It’s a great question, and isn’t immediately obvious from reading just the documentation.
lazy-seq
is a macro which creates a LazySeq
instance. The reason it is a macro is that whatever you pass to it, it wraps that up in an 0-arity function (aka thunk), which is a way of creating a delayed computation. A lazy sequence is really a delay, with a slightly different mechanism to triggering its evaluation than an actual delay.
With a delay, you can pass in any body of expressions, and it is only evaluated when you dereference the delay, via either deref
or @
.
With a lazy sequence, you can only pass in a body which evaluates to a seq, that is anything for which seqable?
returns true. When you call lazy-seq
at the REPL, provided you pass it a valid body, it will be realized immediately. However, if you call it and bind its value to a symbol (via def
or within a let
block or similar), then it won’t do anything with the body you pass it, until you actual request it, for example by calling take
, nth
and so on, on it.
Now, here’s the real kicker: your function isn’t actually using recursion! It just looks that way. When you call my-repeat
as follows:
(def result1 (my-repeat 5))
your function returns immediately with the result of the following:
(cons 5 (lazy-seq (my-repeat 5))
which actually creates a Cons instance, which is seqable, and which has two items: 5 and a lazy sequence. It is important to note that the Cons instance (which when you print it in the REPL looks like a list, delimited using parentheses) is not lazy.
If you just call say:
(nth result1 0)
and don’t attempt to evaluate the whole return value, say by printing it to the REPL, then the lazy sequence which is at index 1 is never evaluated, and you just retrieve the item at index 0, which is 5.
If you then call
(nth result1 1)
now the lazy sequence which is the item at index 1 of result1
above is evaluated for the very first time. So up until now result1
has looked like:
(cons 5 <<unevaluated lazy sequence>> )
but now, when we try to evaluate the lazy sequence, it becomes:
(cons 5 (cons 5 <<unevaluated lazy sequence>> ))
which can be expressed as:
(5 5 <<unevaluated lazy sequence>> )
since it is a Cons instance which looks and behaves like a list in most ways, at least when it comes to retrieving items from it.

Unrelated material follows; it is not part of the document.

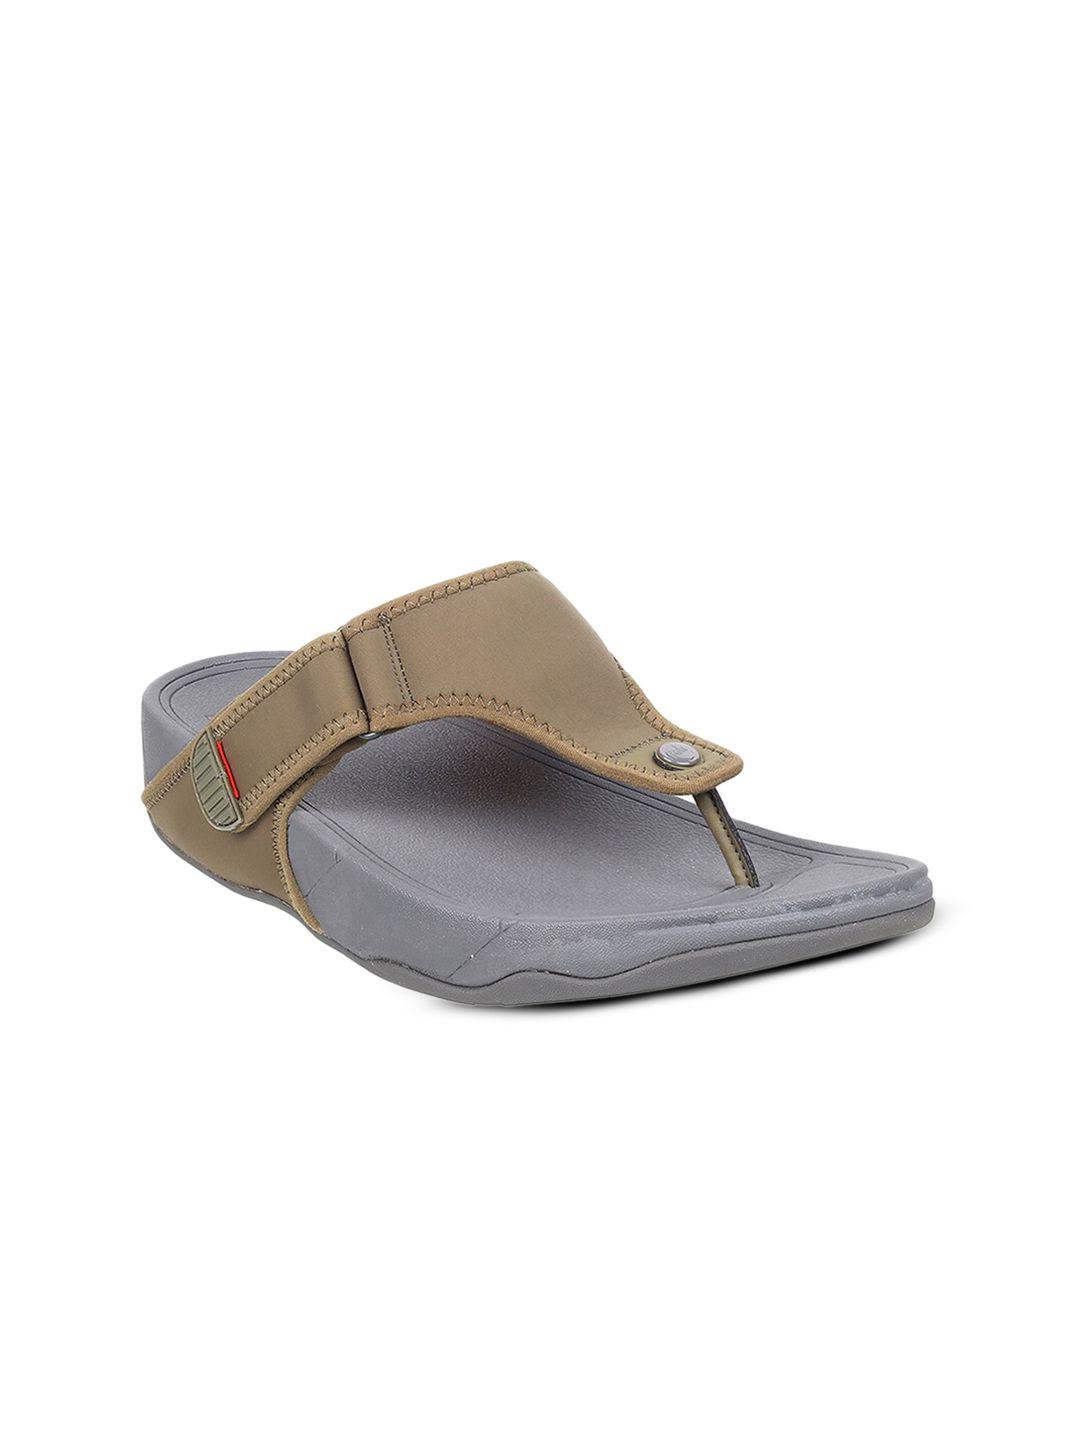 fitflop men open toe comfort sandals

The above is now the new state of result1
after our call to (nth result1 1)
. If this sounds like result1
has been mutated, that’s because it has. Or specifically, the lazy sequence that was initially at index 1, after our original call to my-repeat
, has now been realized, and will always return the value of 5 whenever we attempt to call say (nth result1 1)
.
At this stage result1
appears as if it has two realized items followed by a lazy sequence (at least from the point of view of any function we use to request items from it is concerned.) If we attempt to request an index which has already been realized, we get back the item at that index. If we attempt to retrieve an item which has not yet been realized, what happens is that the last lazy sequence is evaluated, then its value is returned, and that will contain the next item in the sequence together with another lazy sequence, and so on, until we return the item at the index we requested.
So each time we realize a lazy sequence at the end of result1
, we return the next element together with a new lazy sequence. We only ever do this outside the body of my-repeat
, hence recursion is not even possible.